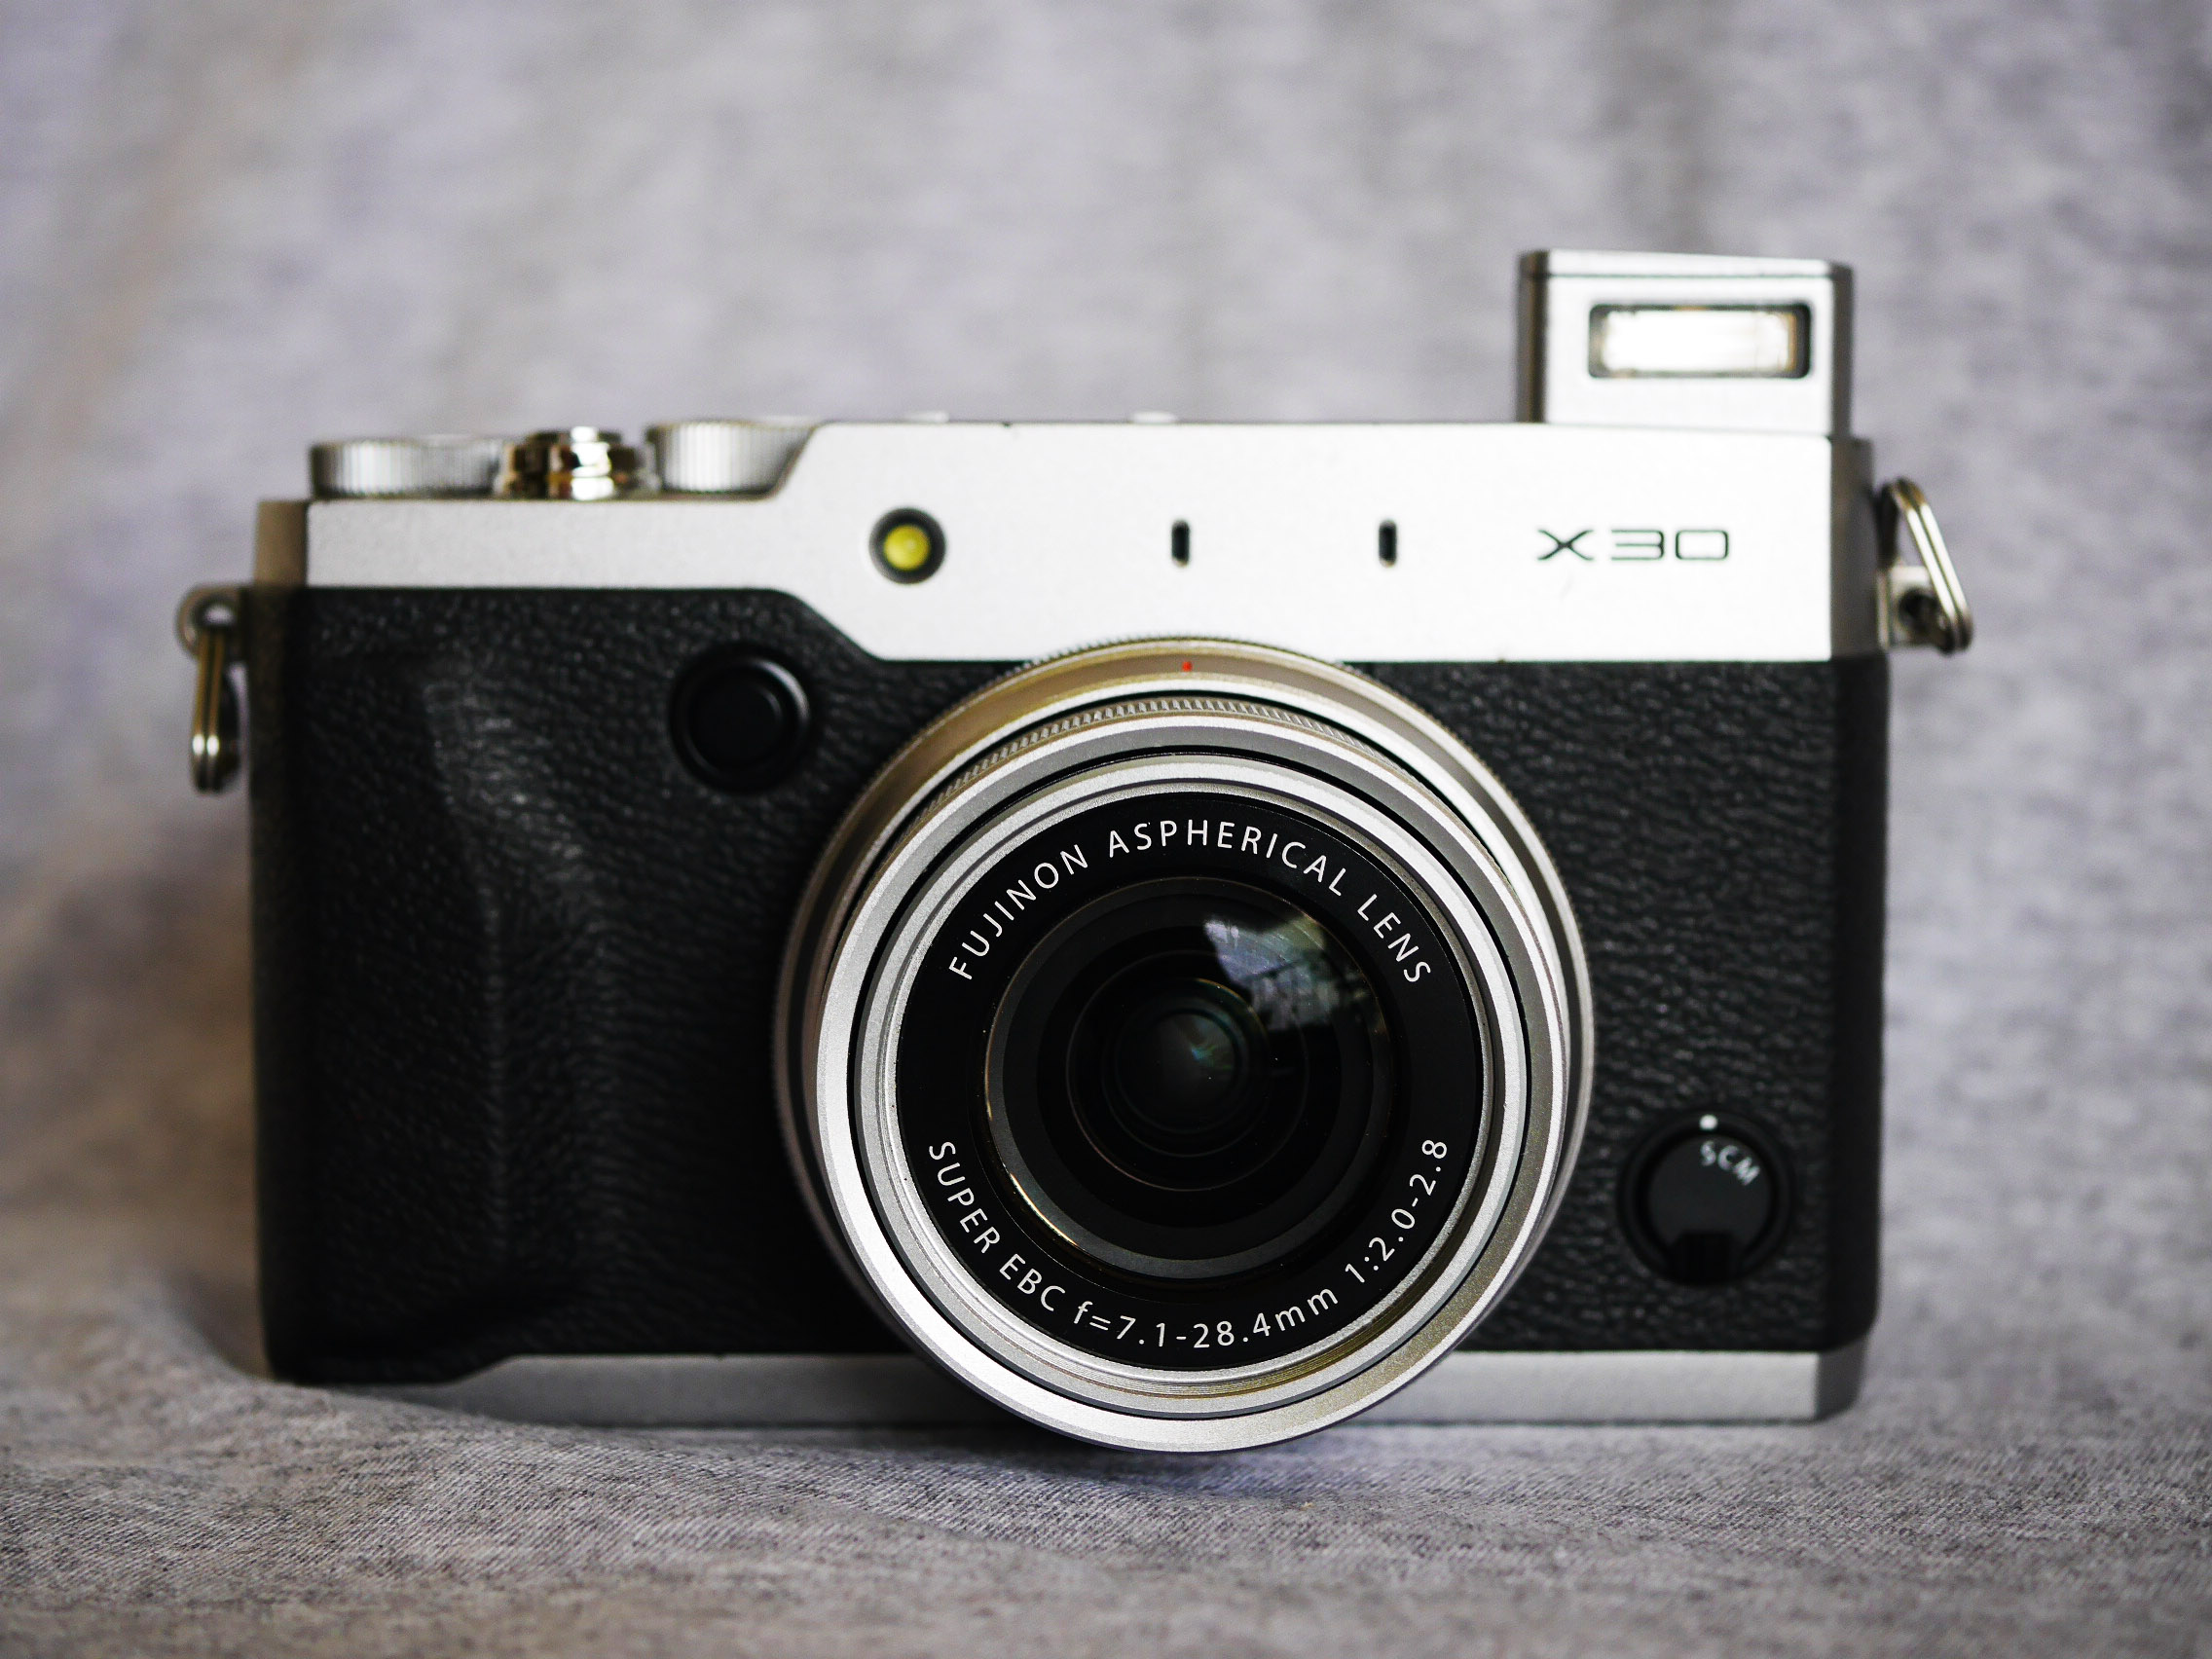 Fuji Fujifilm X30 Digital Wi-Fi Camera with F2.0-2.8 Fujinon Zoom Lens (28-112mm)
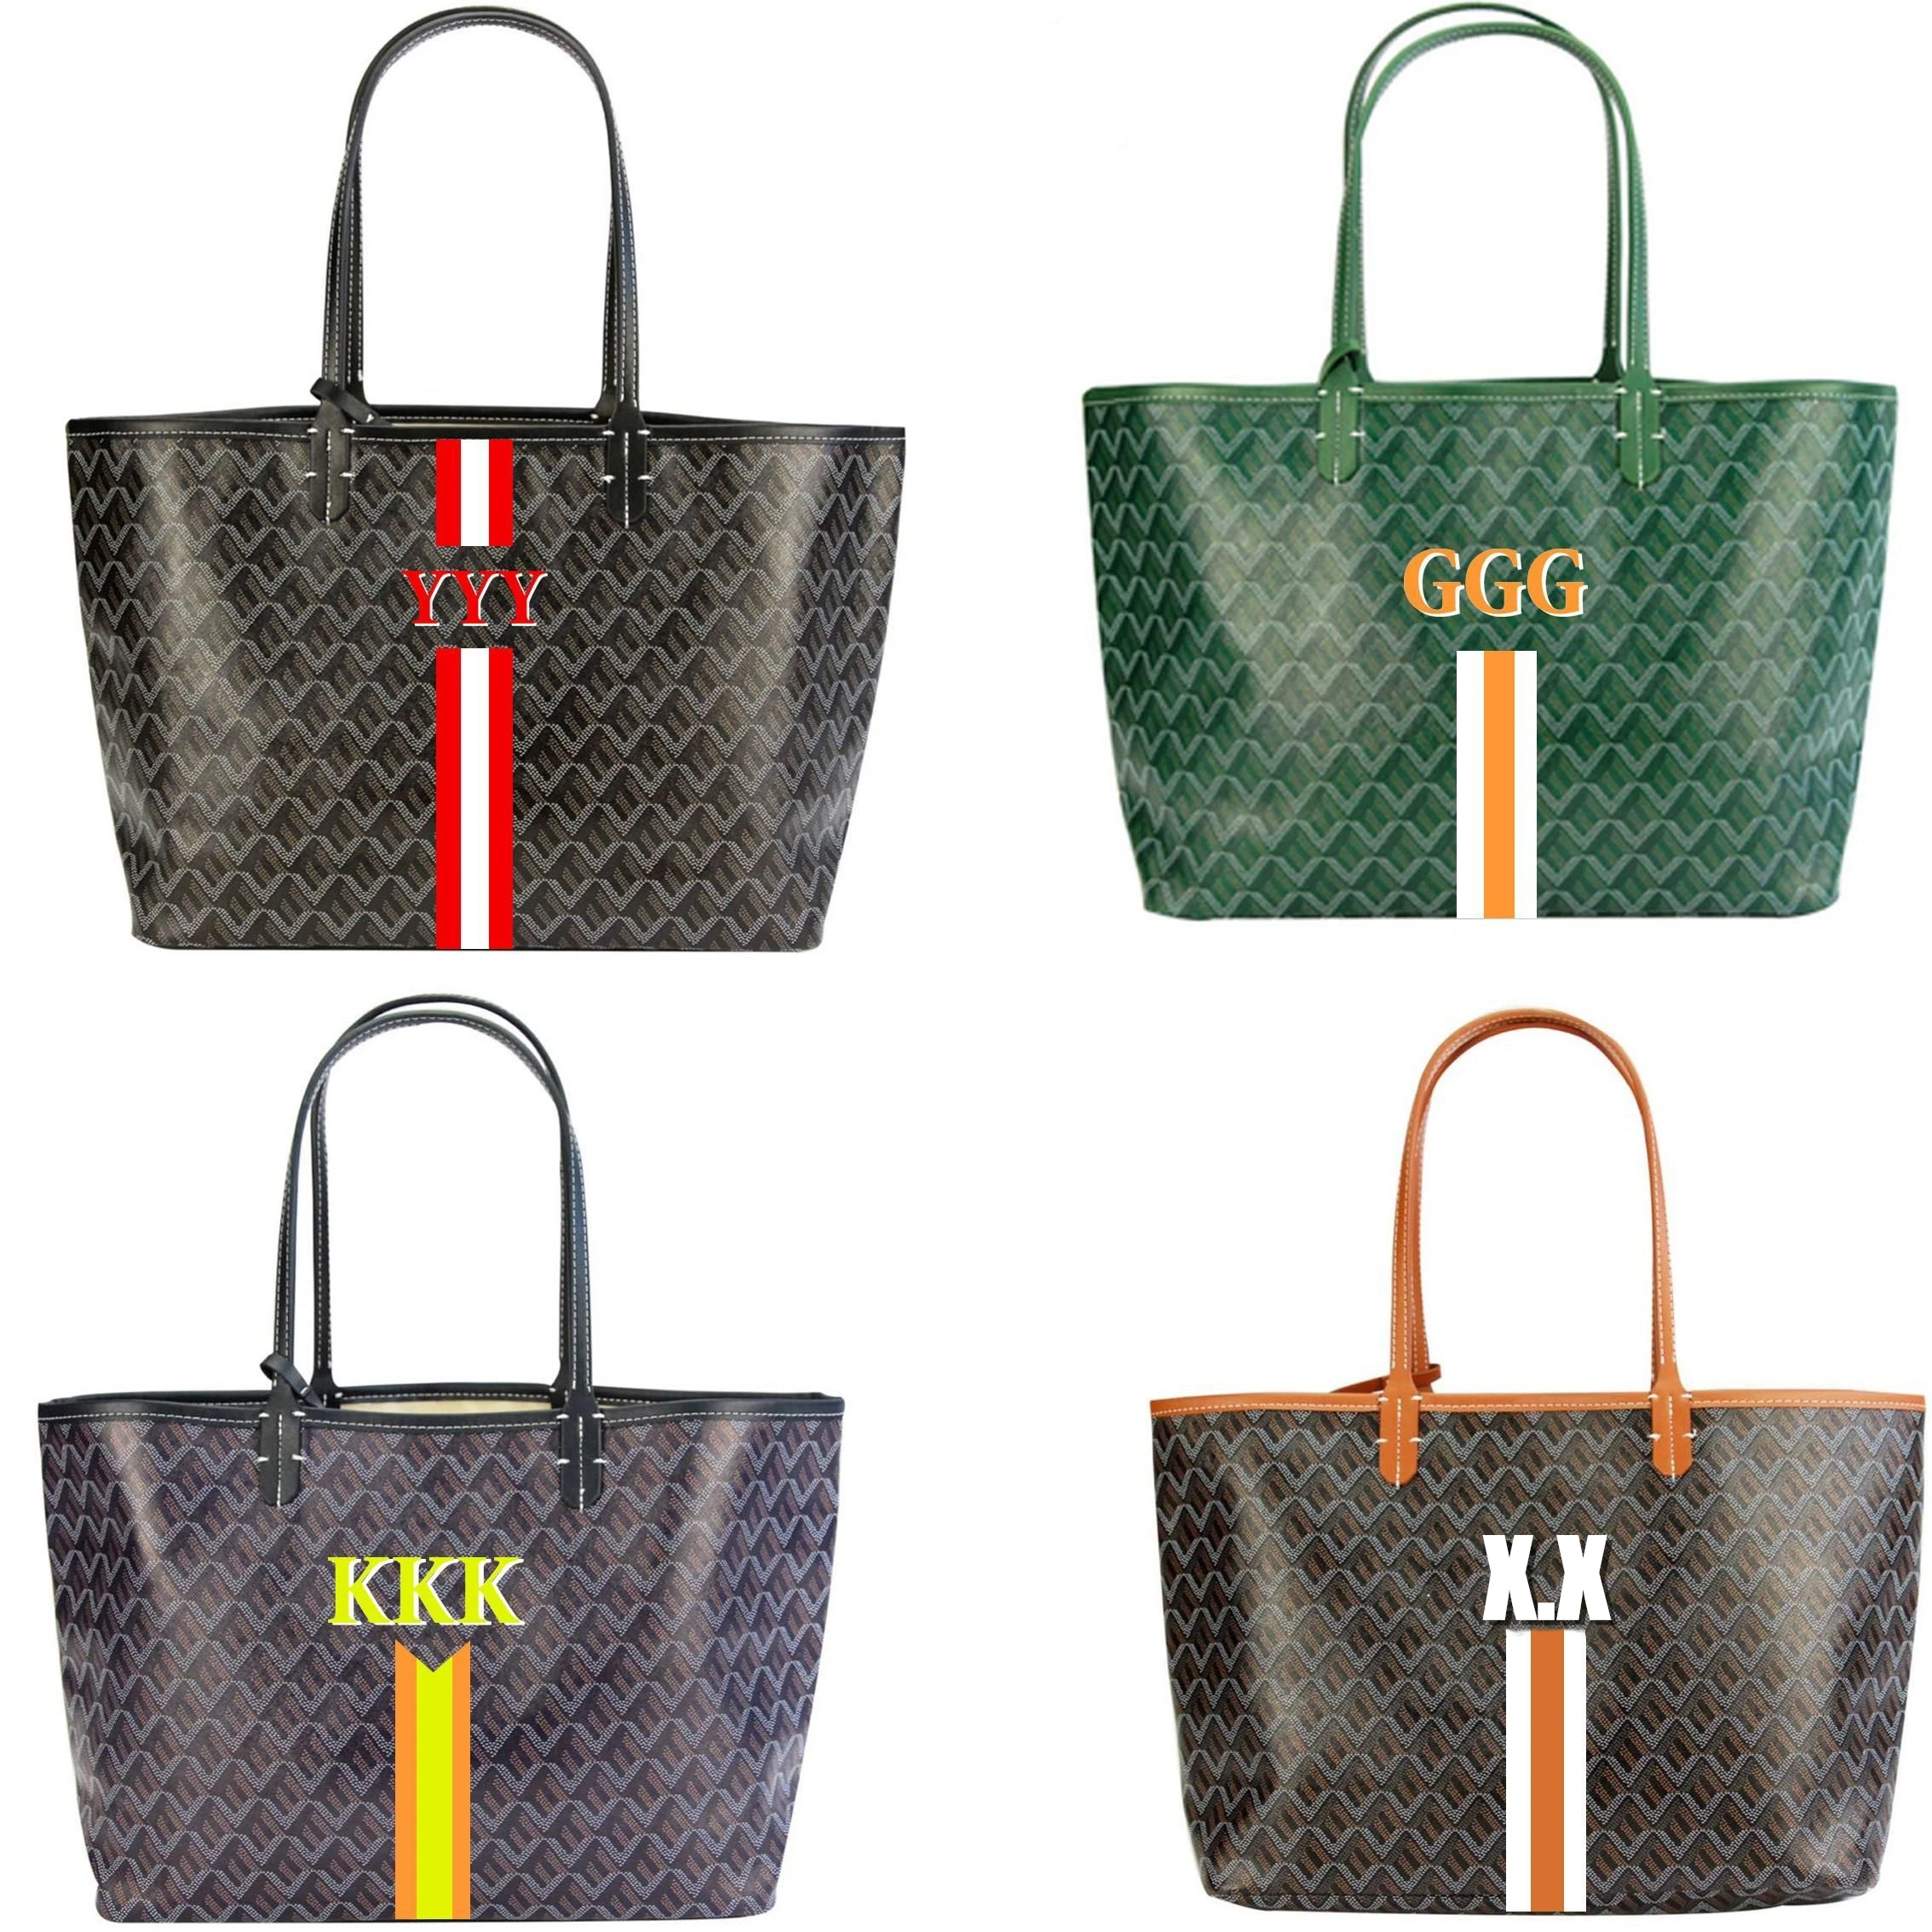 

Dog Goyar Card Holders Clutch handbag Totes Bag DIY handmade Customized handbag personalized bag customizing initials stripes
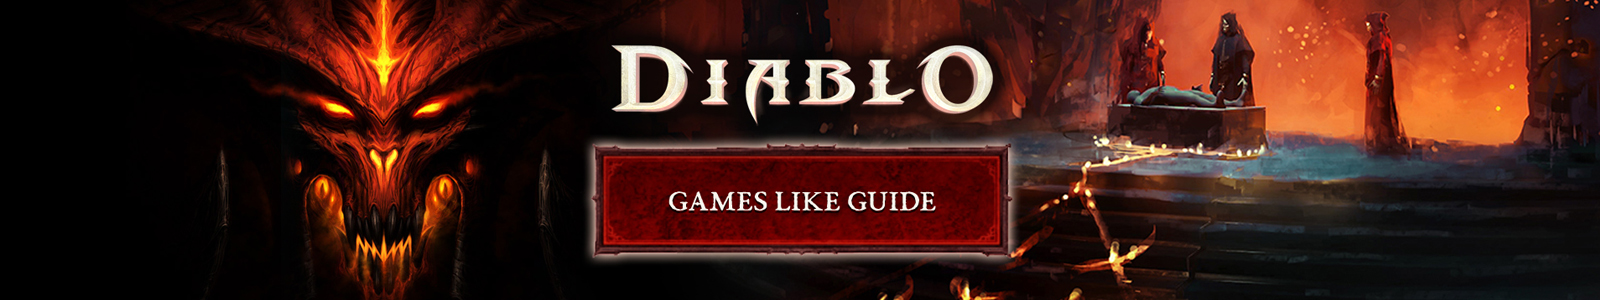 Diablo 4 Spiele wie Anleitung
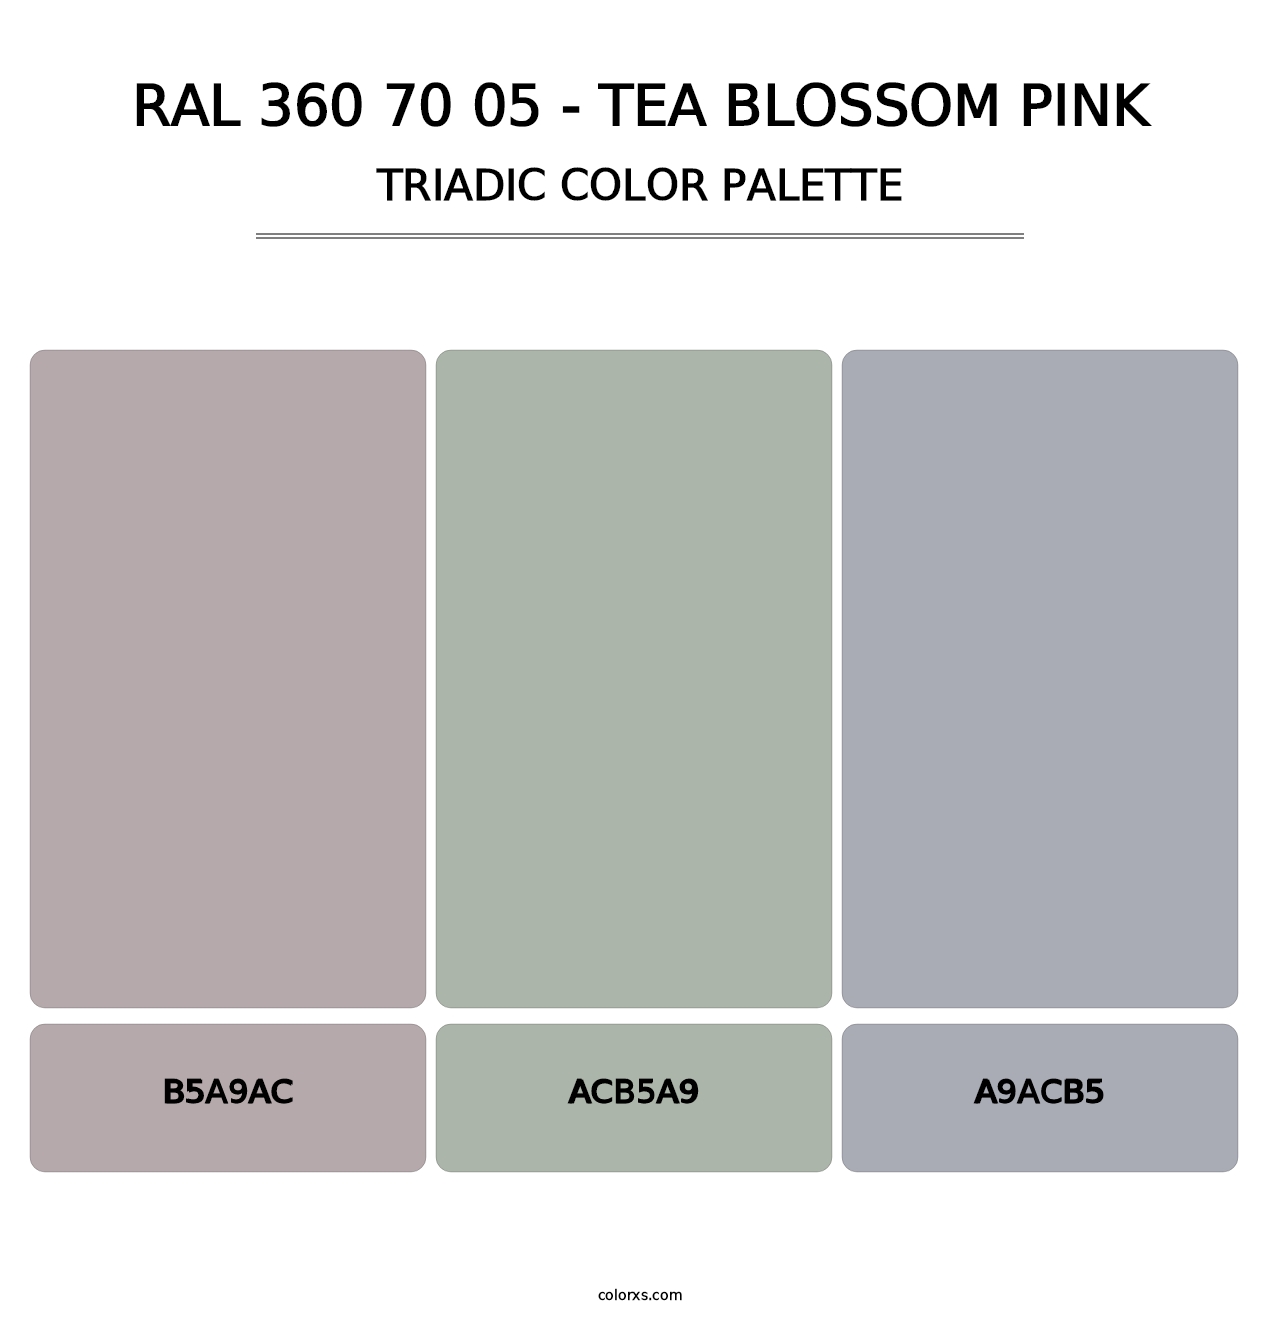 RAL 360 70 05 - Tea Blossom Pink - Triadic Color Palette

● TASK STATEMENT: Please reproduce the listing exactly, leaving out any pictures.

● EXERCISE RESPONSE:
 Fuji Fujifilm X30 Digital Wi-Fi Camera with F2.0-2.8 Fujinon Zoom Lens (28-112mm)

Dog Goyar Card Holders Clutch handbag Totes Bag DIY handmade Customized handbag personalized bag customizing initials stripes
 Diablo 4 Spiele wie Anleitung
 RAL 360 70 05 - Tea Blossom Pink - Triadic Color Palette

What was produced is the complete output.